### What you are asked to do
Please set down only the lines below starting with the line with "Coloring Evil pumpkin" and going on through the line with "Roundtree & Yorke", verbatim and without pictures.

### Listed entries
+--

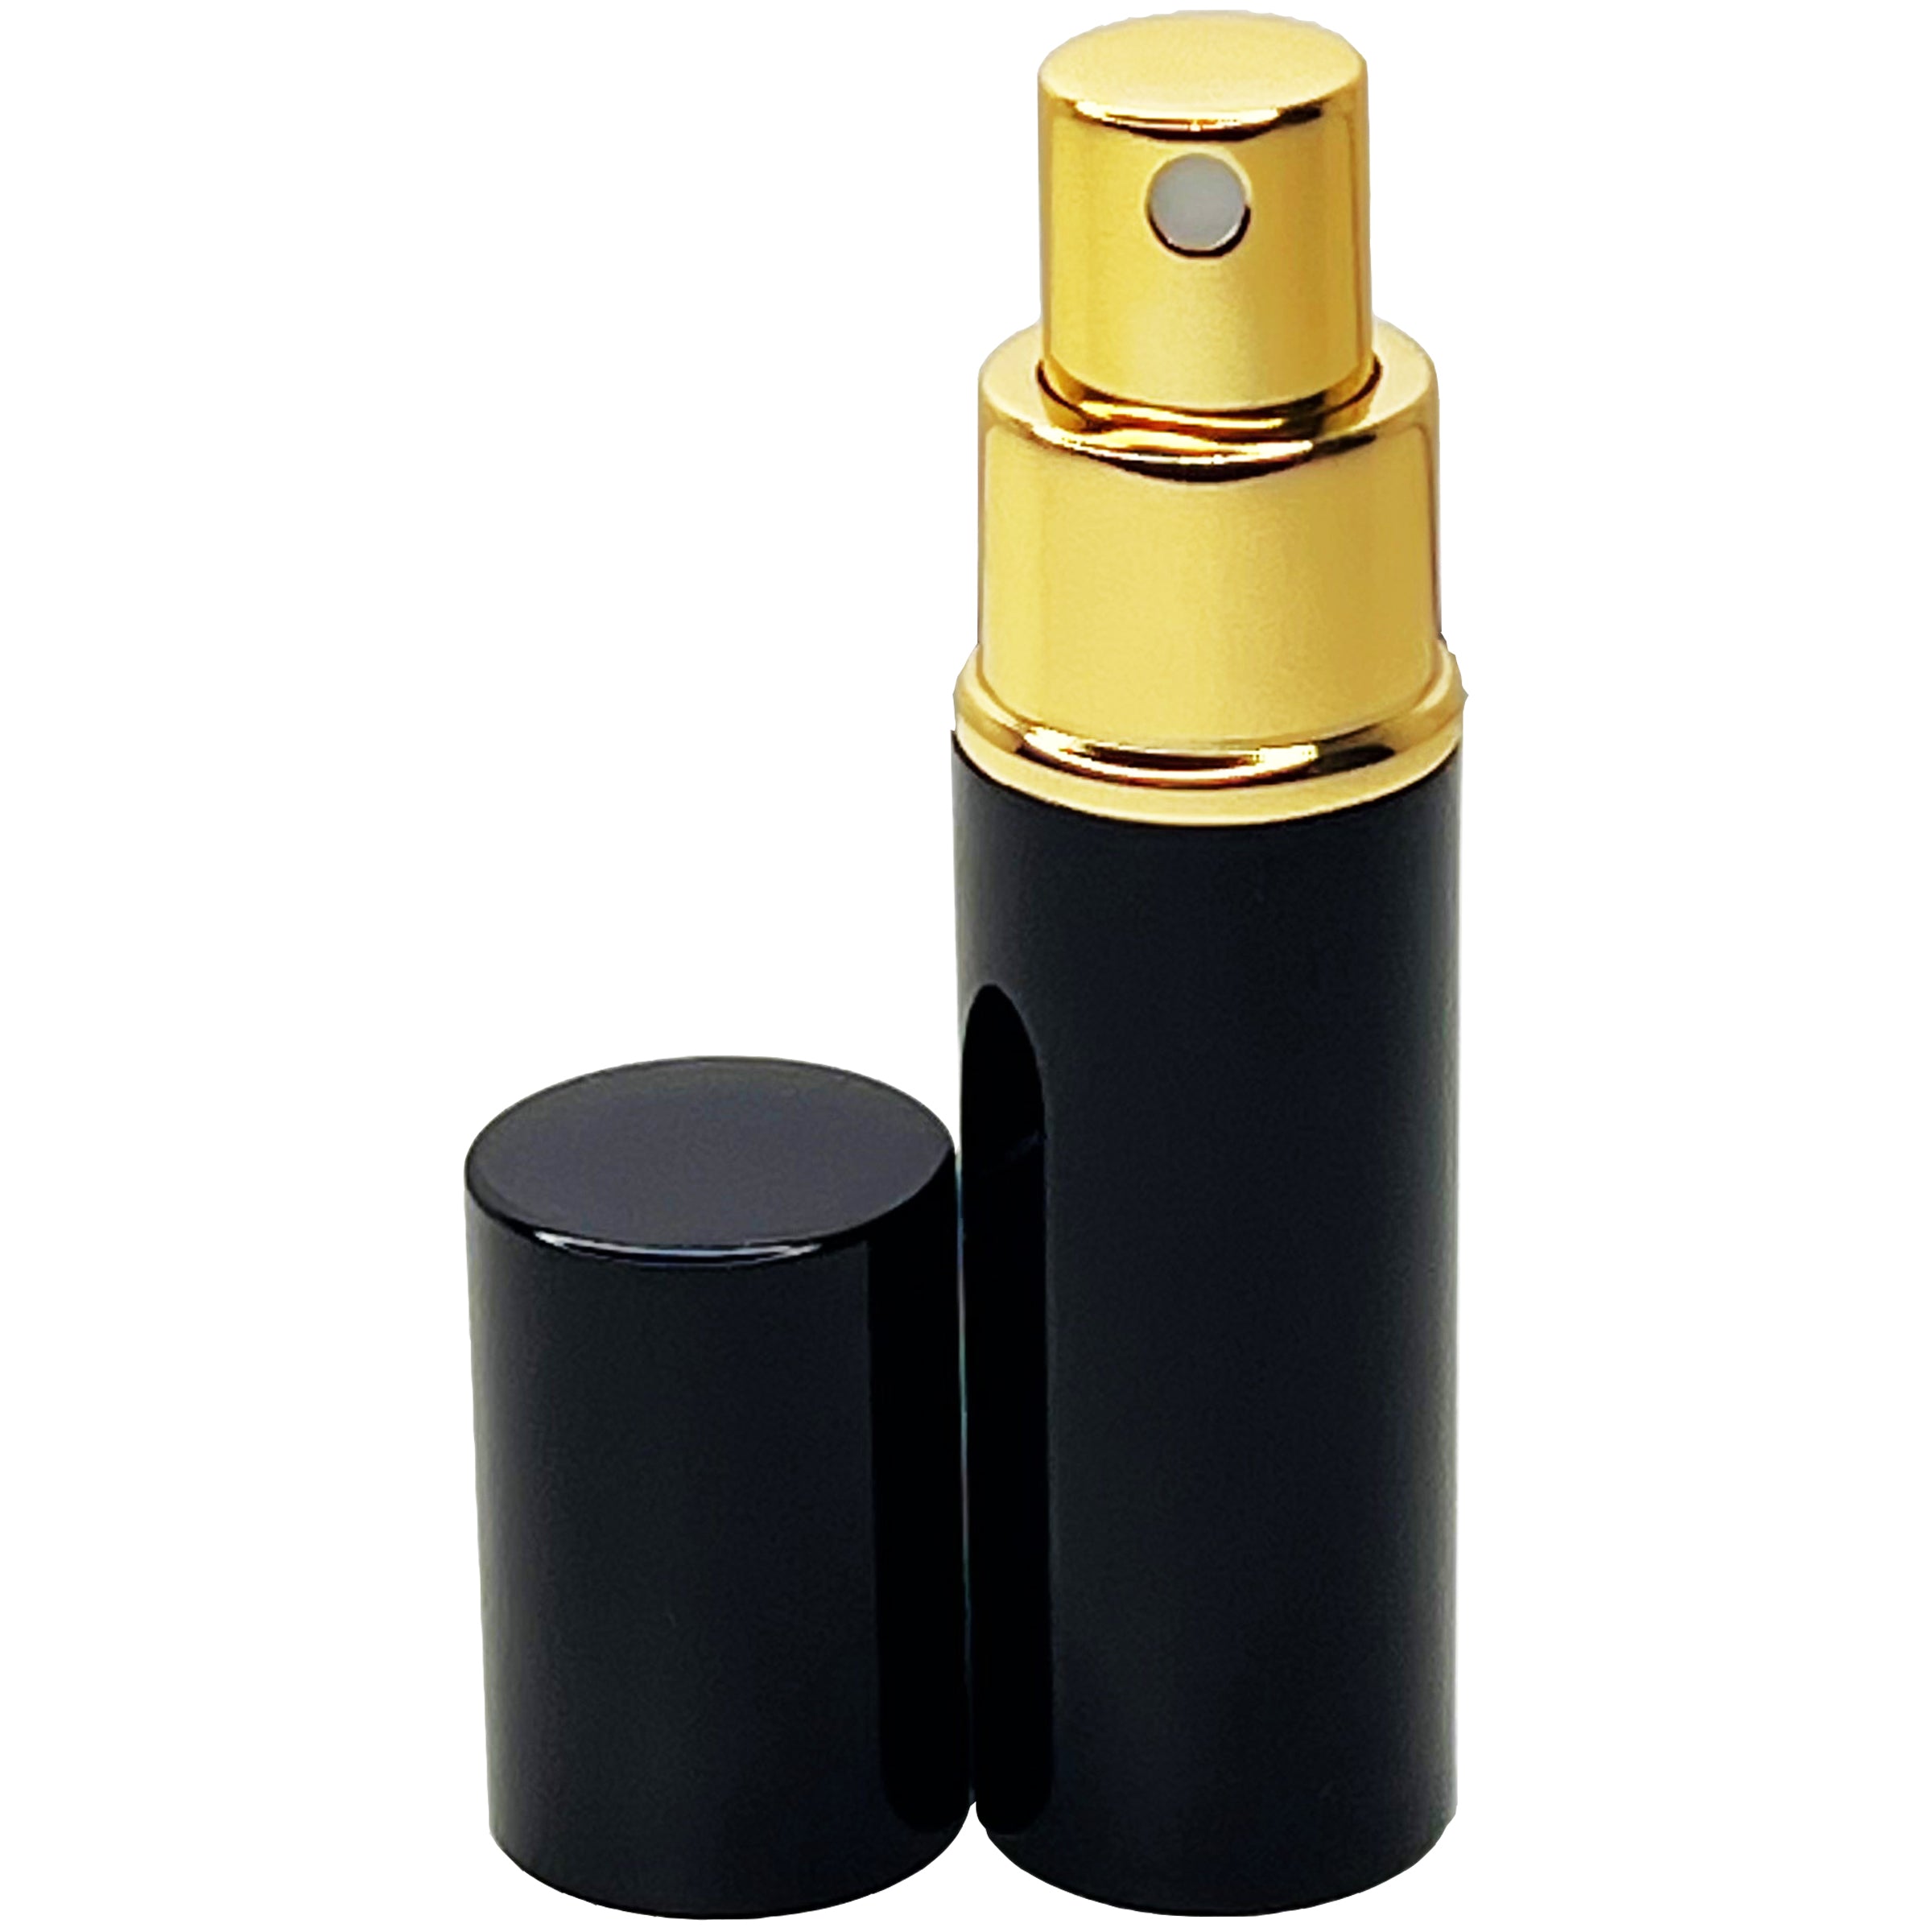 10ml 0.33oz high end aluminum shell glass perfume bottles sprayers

+--

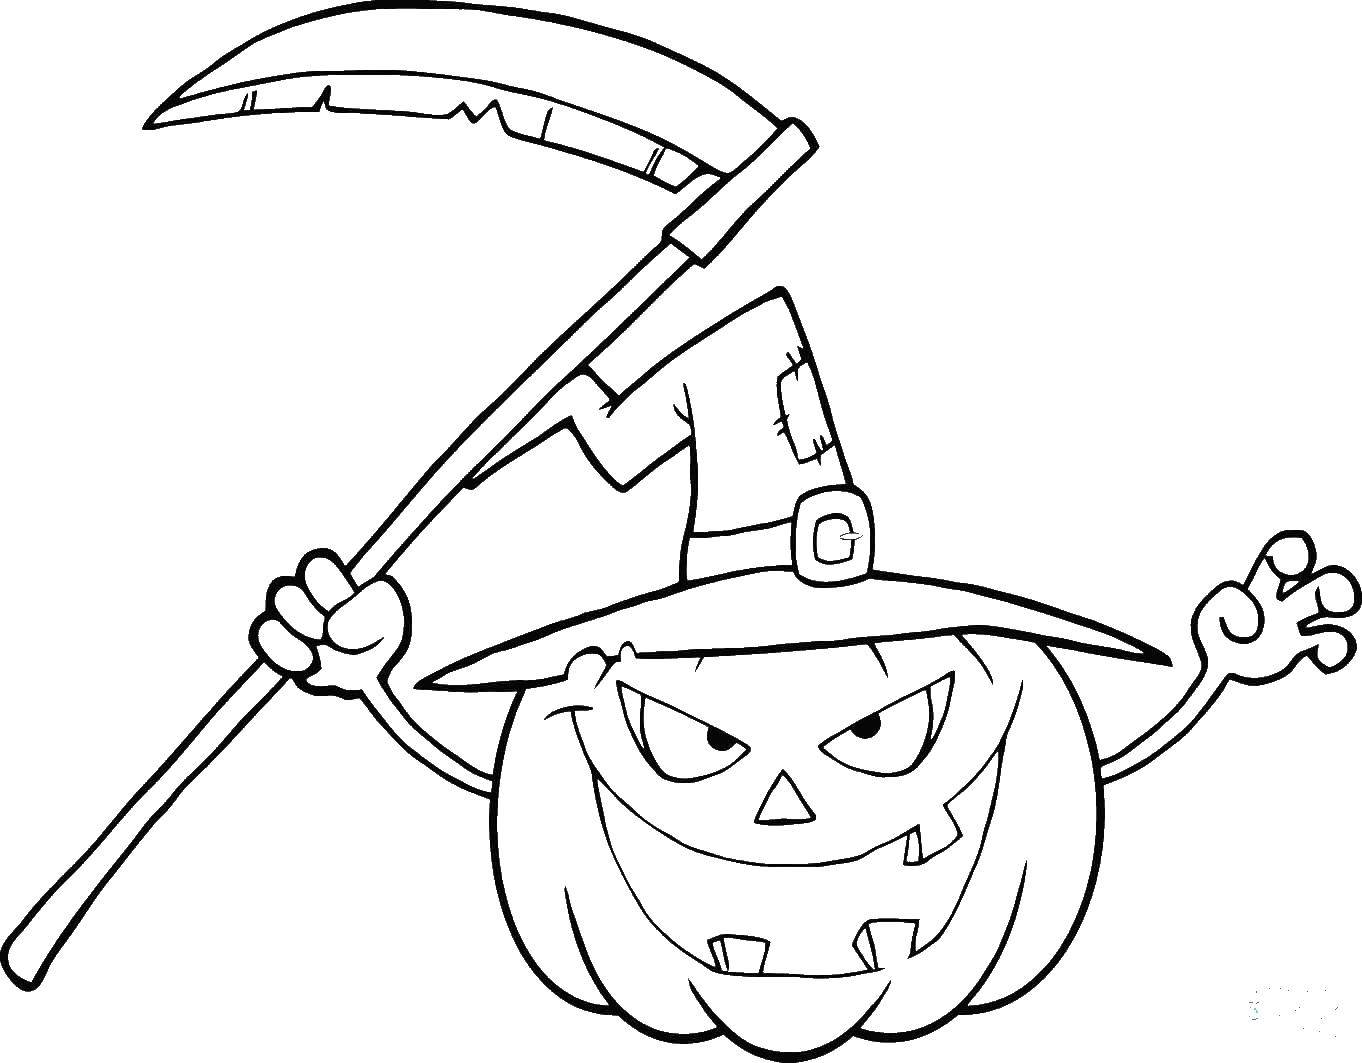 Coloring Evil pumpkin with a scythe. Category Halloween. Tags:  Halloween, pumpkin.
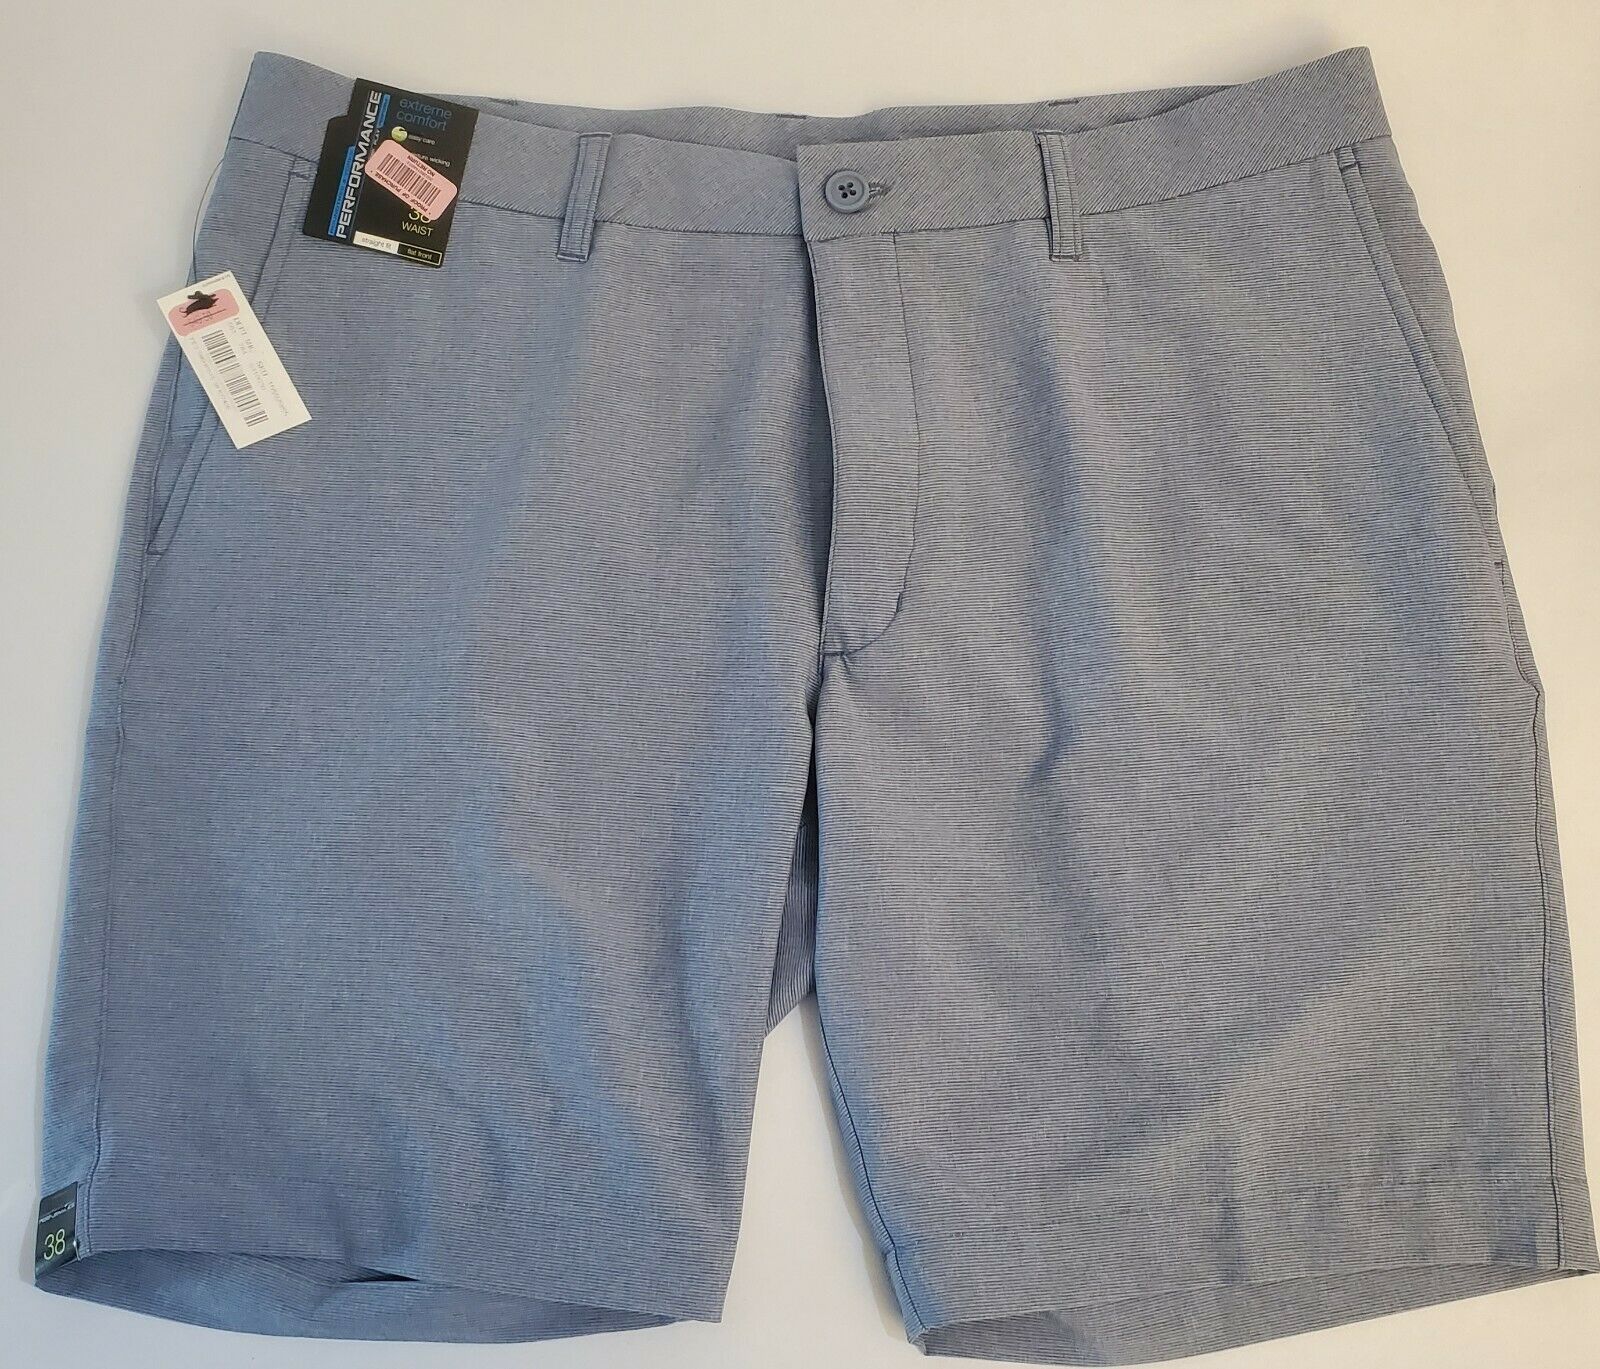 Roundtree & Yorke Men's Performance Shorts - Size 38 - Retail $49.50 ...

+--

### Output of the task
 Coloring Evil pumpkin with a scythe. Category Halloween. Tags:  Halloween, pumpkin.
 Roundtree & Yorke Men's Performance Shorts - Size 38 - Retail $49.50 ...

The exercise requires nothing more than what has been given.